Hassan Haji Mohamoud (Xasan Xaaji Maxamuud Warsame), also known as Hassan Gadhweyneh, is a Somali politician, the longest serving Minister of Education of Somaliland (2003-2010), the Mayor of Berbera (1998-2003), Governor of Sahil region of Somaliland from (1998-2003). He also served as the Deputy-Mayor of Mogadishu from (1975-1991).

==Biography==
Hassan Gadhweyne was born in 1944 in the Sheikh District in British Somaliland. He completed his primary and intermediate education in the same district.
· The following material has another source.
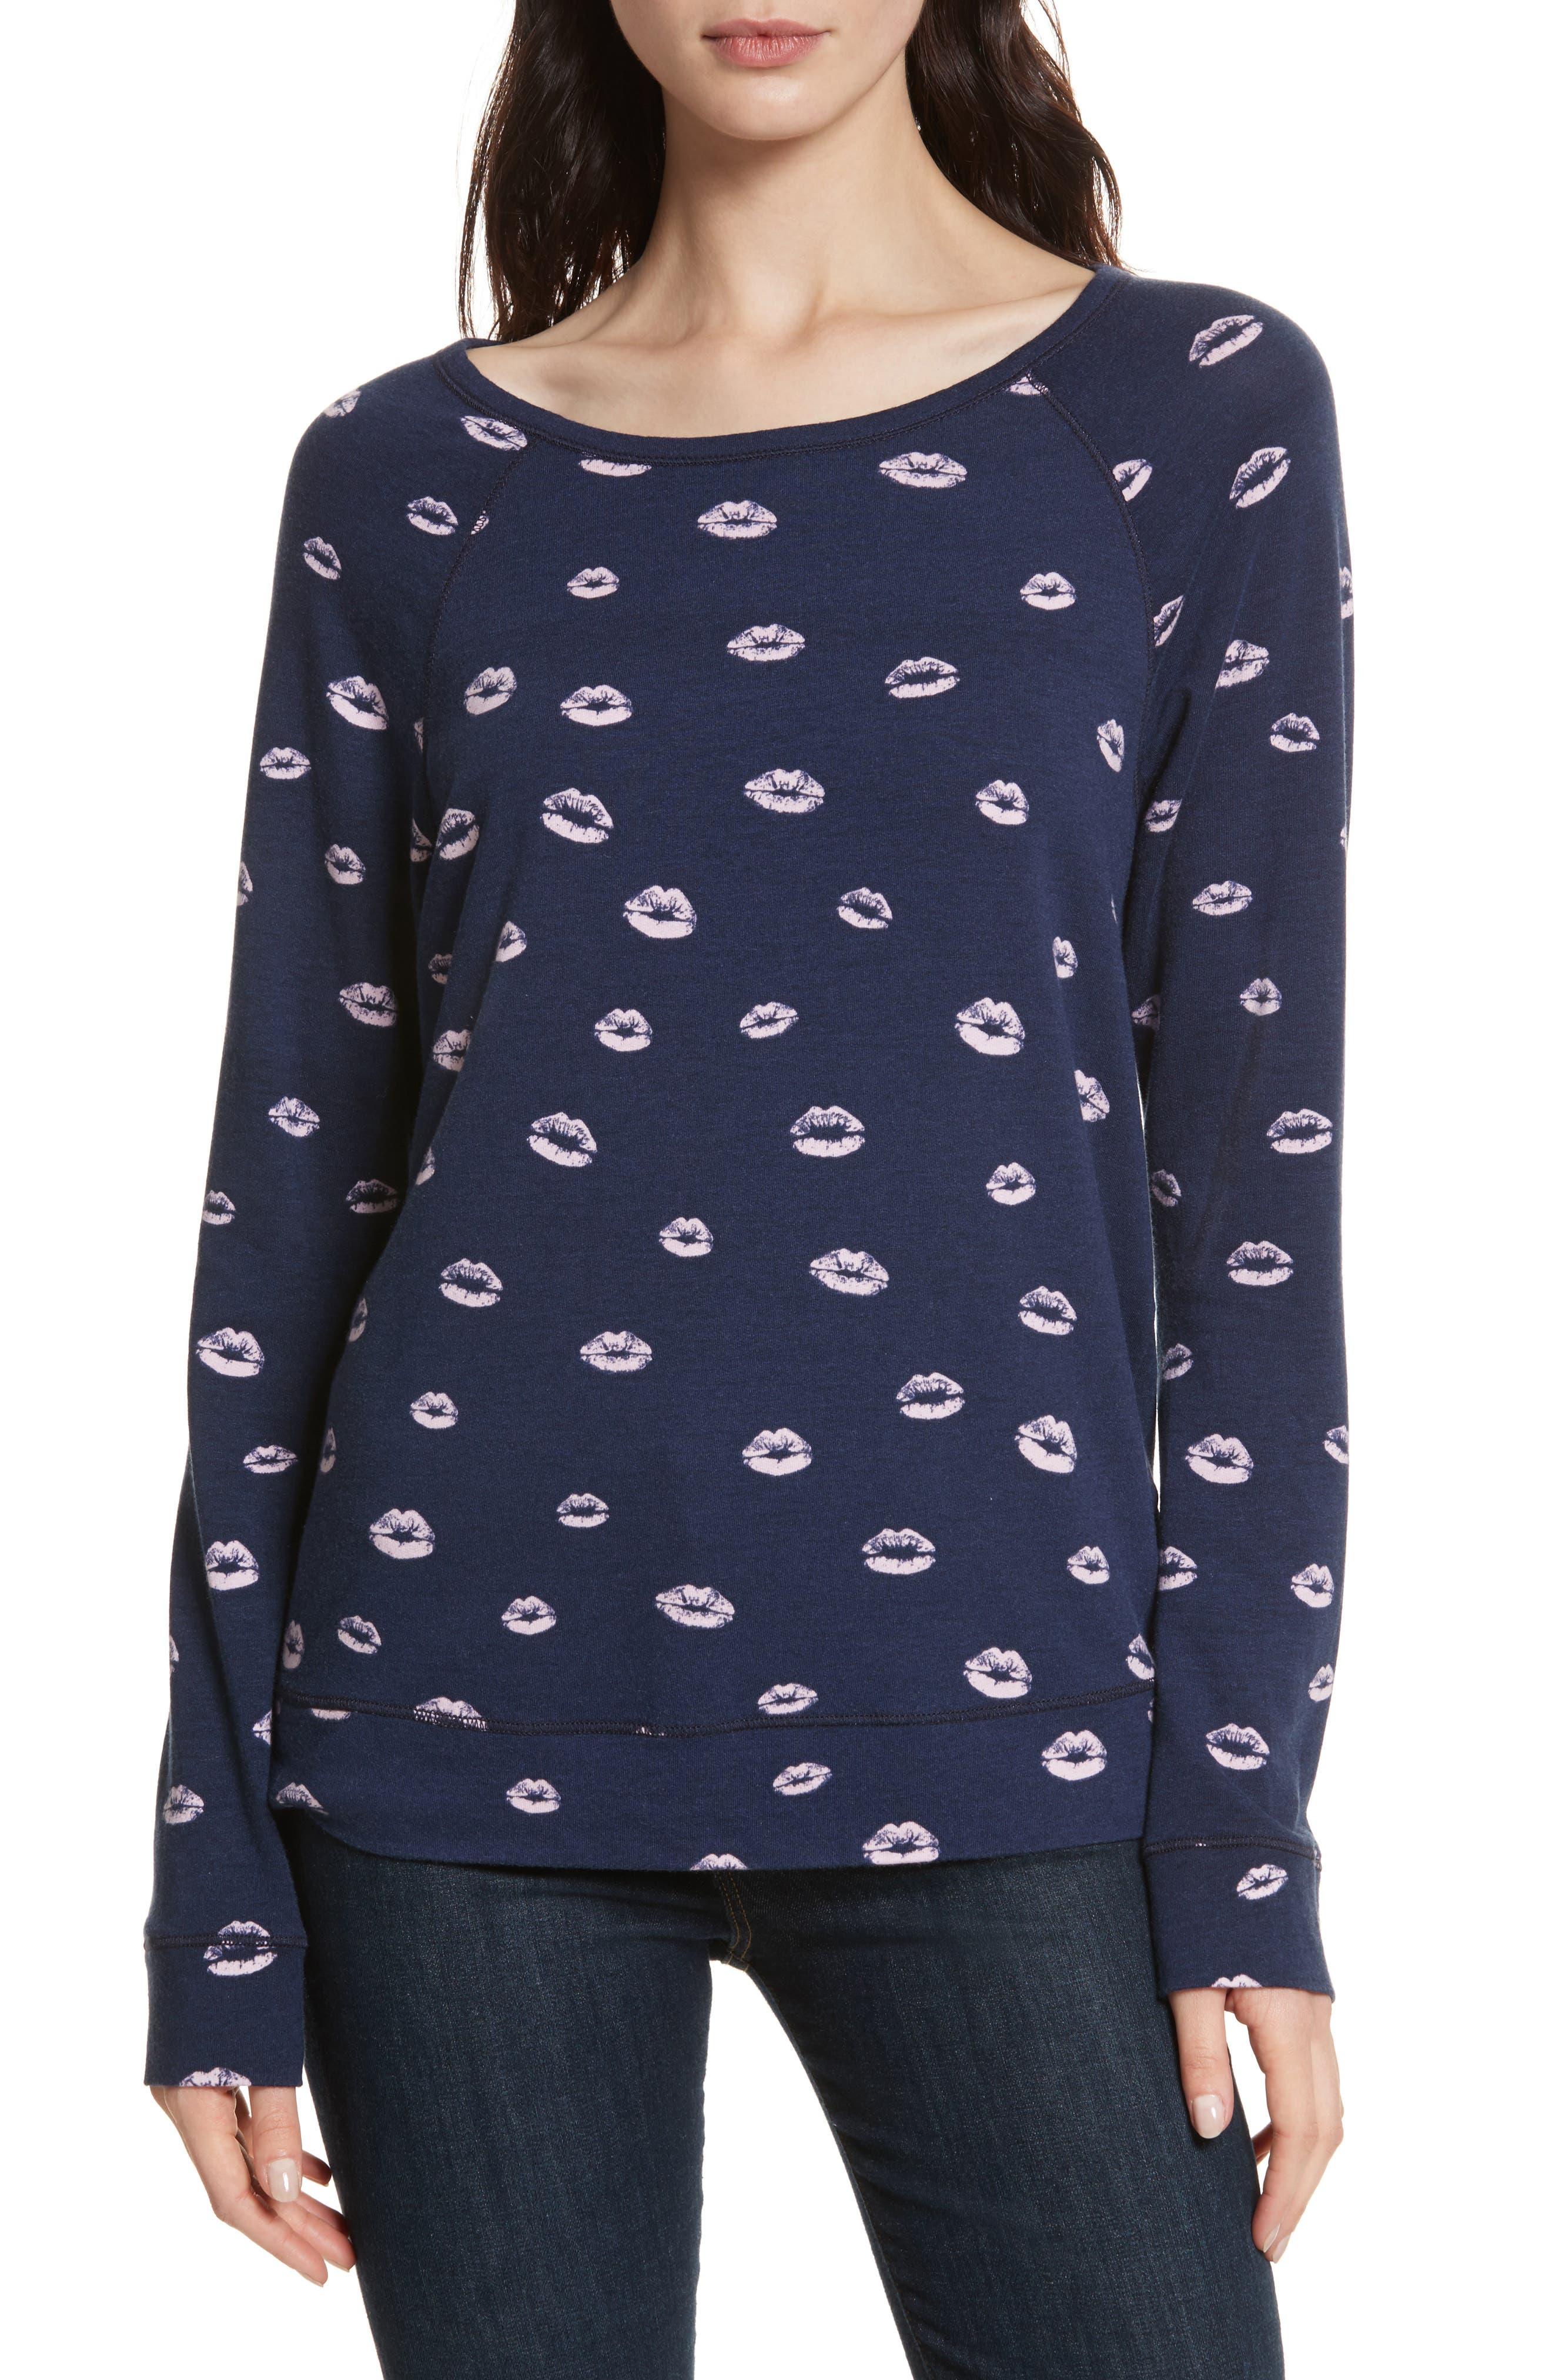 Annora B Kiss Print Sweatshirt,                         Main,                         color, 403

In the early 1960s, at the age of 21, he entered local government service and was appointed secretary of the local administration of Oodweyne District.

In 1972, Hassan Gadhweyne was appointed secretary of the newly established Galgaduud region, and in 1973 he became the deputy governor of that region; in 1974 he was promoted to serve as the Deputy Mayor of Banadir, the capital of Somalia, a position he held until the escalation of the Somali civil war.

===Mayor of Berbera===
Hassan Gadhweyne served as Mayor of Berbera and Governor of the Sahil region in 1988; following Somaliland’s 2002 local council elections, he was elected as a member of the Berbera municipal council and continued to serve as mayor until 2003.

===Education Minister===
In 2003, Hassan Gadhweyne was appointed Minister of Education by President Egal.

In May 2006, in Erigavo city in the Sanaag region of northern Somaliland, public demonstrations erupted in protest against a municipal council decision to raise the price of drinking water, with some protests escalating into unrest; following visits and mediation by Hassan Gadhweyneh and other officials, the city council decided to postpone the planned price increase.

In November 2007, Hassan Gadhweyne banned the establishment of new private universities in Somaliland, citing the rapid proliferation of private institutions; while commending those proposing new universities as patriotic, he encouraged them instead to invest in much-needed technical and vocational schools.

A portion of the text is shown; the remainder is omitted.